----- Original Message -----
Sent: Wednesday, August 24, 2011 5:12
PM
Subject: Re: LF: WSPR or QRSS: which is
better?
WSPR works in a 1.46Hz signal bandwidth and because of its very high
level of error correction and soft-decision decoding, means that it will
work at a S/N of about 3dB in this bandwidth, and sometimes a bit lower
still (Normally, FSK with no correction at all needs about 10 -
12dB S/N for near error-free performance)
QRSS has to show about 6 - 10dB in its signal bandwidth to be able
to discern fully what is sent, although a slightly lower S/N may be useable
when you 'know' what you should be receiving. (A form of forward error
correction is now in use here as well perhaps :-) So lets say 5dB
S/N is a working value..
So take 3dB in 1.46Hz as a starting point and derive the
bandwidth for QRSS needed to get 5dB S/N with the same signal. This will
have to be narrower to get a 2dB higher S/N and works out as 1.46 /
10^(2/10) = 0.92Hz
So QRSS used with a 0.9Hz bandwidth - which I think means about a 2 - 3s
dot period ought to be decoded at the same S/N as a WSPR signal.
Which is probably the info you wanted.
But now compare source coding efficiencies. WSPR fits a
callsign, locator and power level into a 110 second transmission - and gives
absolutely guaranteed error free decoding, or nothing at all. About
12 characters in actuality, but that is being a bit unfair as the coding
forces certain callsign and locator formatting.

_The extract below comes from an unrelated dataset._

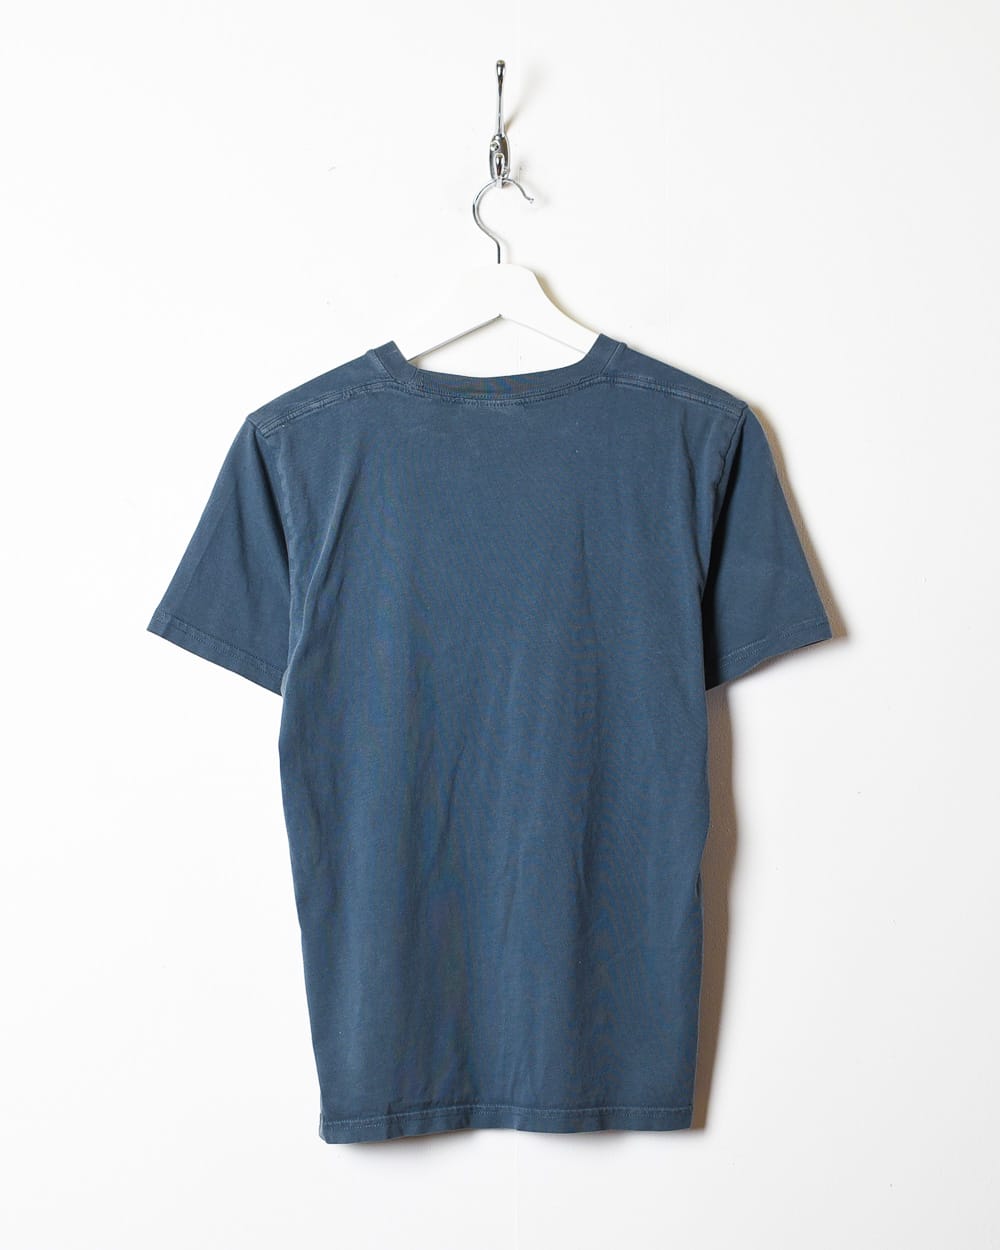 Navy Carhartt Airlines T-Shirt - X-Small
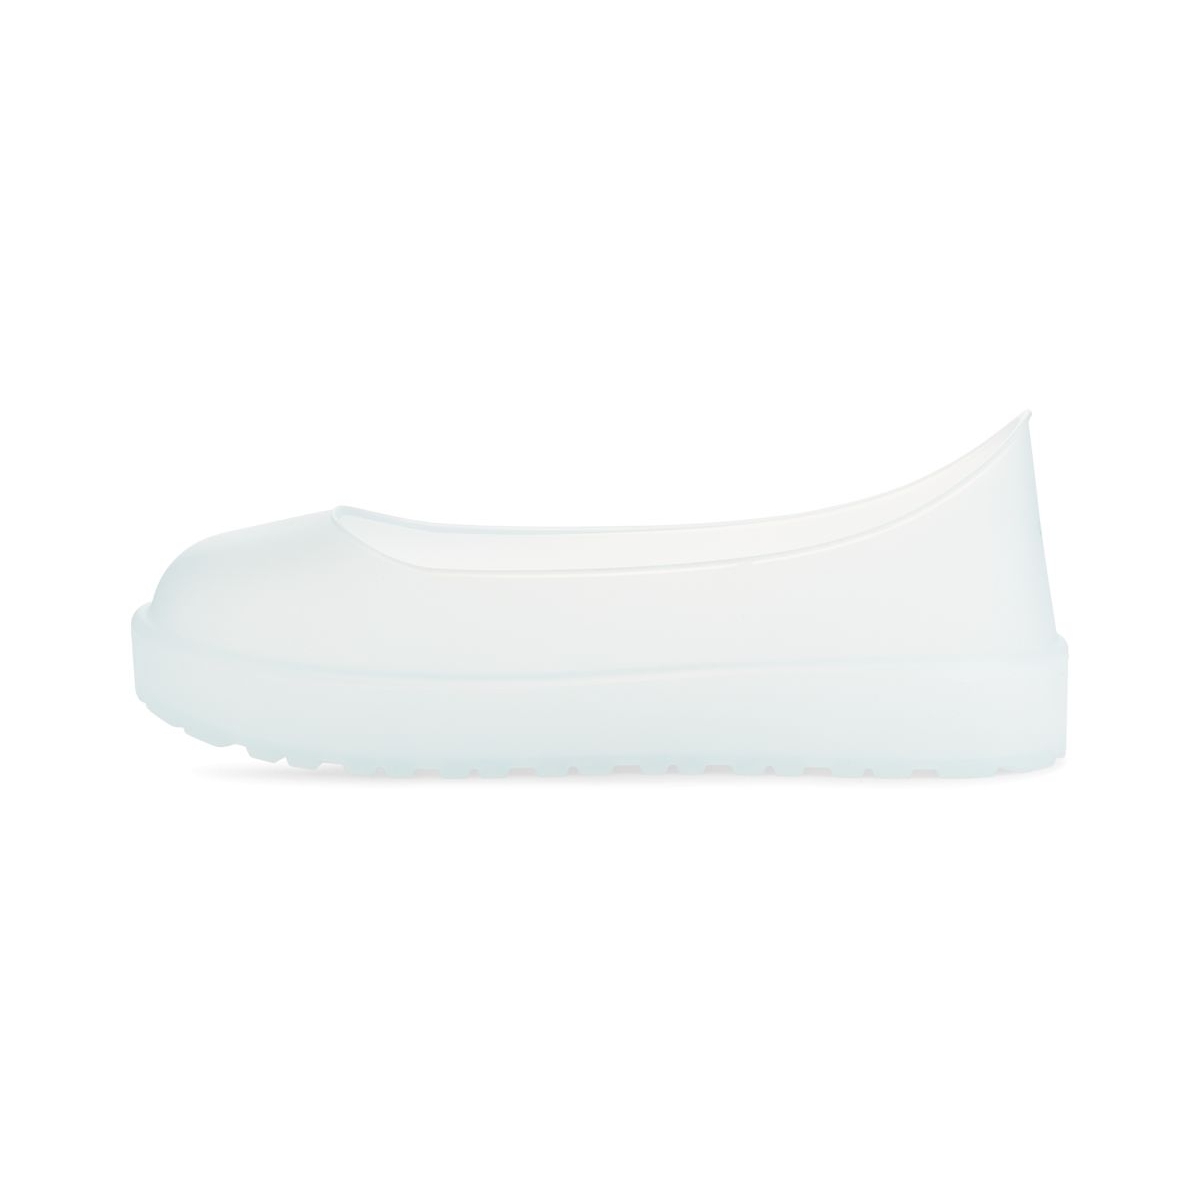 UGG Unisex Boot Guard Silicone Rubber Galosh Clear - 1129431-CLR CLEAR - CLEAR, S

So in all
probablility, more like 7 or 8 effective characters (I'm being a bit empirical
here)
Assuming standard QRSS - not DFCW - , which if like standard Morse, then
5 characters takes about 50 dot symbols to send (12WPM = 60 chars in 1 minute,
= 1 char / second, or about 10 dot periods / second. Dot
speed = WPM / 1.2) If we have 2s dots, that is 5 characters can be
sent in the time for a WSPR transmission.
So as a quick estimate, WSPR wins by roughly 2dB in S/N terms for a
given dot period / noise bandwidth. And at similar S/N values, WSPR is
about 1.5 times faster
Andy